Writing assembler code you often used:

xor eax, eax

instead of

mov eax, 0

That is because with the first statement you have only the opcode and no involved argument. Your CPU will do that in 1 cylce (instead of 2). I think your case is something similar (although using sub).

Answer 5

not sure about assembly and such, but generally,

n=0
n=n-n

isnt always equal if n is floating point, see here http://www.codinghorror.com/blog/archives/001266.html

Answer 6

In the early days, memory and CPU cycles were scarce. That lead to a lot of so called "peep-hole optimizations". Let's look at the code:

move.l #0, d0

moveq.l #0, d0

sub.l a0,a0

The first instruction would need two bytes for the op-code and then four bytes for the value (0). That meant four bytes wasted plus you'd need to access the memory twice (once for the opcode and once for the data). Sloooow.
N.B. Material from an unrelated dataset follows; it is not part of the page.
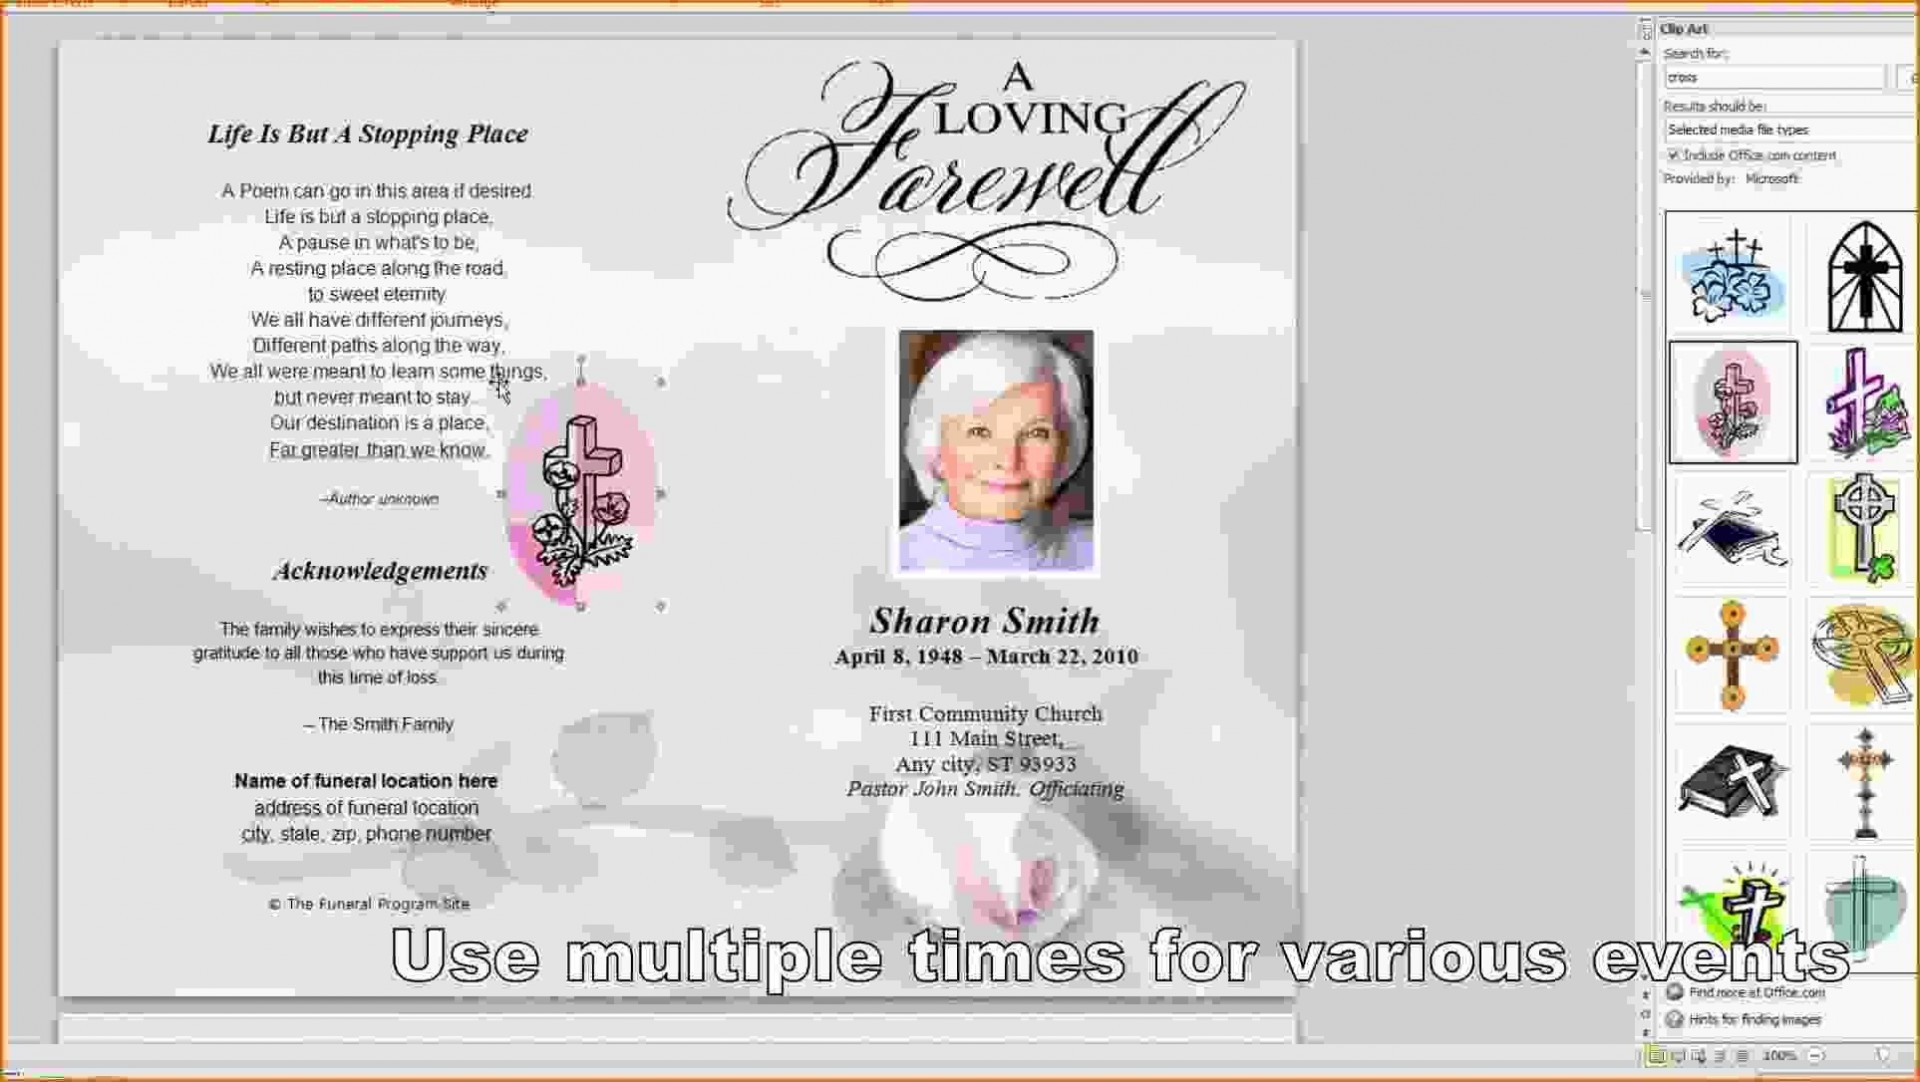 001 Top Memorial Card Template Free Download Concept 1920

moveq.l was better since it would merge the data into the op-code but it only allowed to write values between 0 and 7 into a register. And you were limited to data registers only, there was no quick way to clear an address register. You'd have to clear a data register and then load the data register into an address register (two op-codes. Bad.).

Which lead to the last operation which works on any register, need only two bytes, a single memory read. Translated into C, you'd get

n = n - n;

which would work for most often used types of n (integer or pointer).

Answer 7

The assembly-language technique of zeroing a register by subtracting it from itself or XORing it with itself is an interesting one, but it doesn't really translate to C.

Any optimising C compiler will use this technique if it makes sense, and trying to write it out explicitly is unlikely to achieve anything.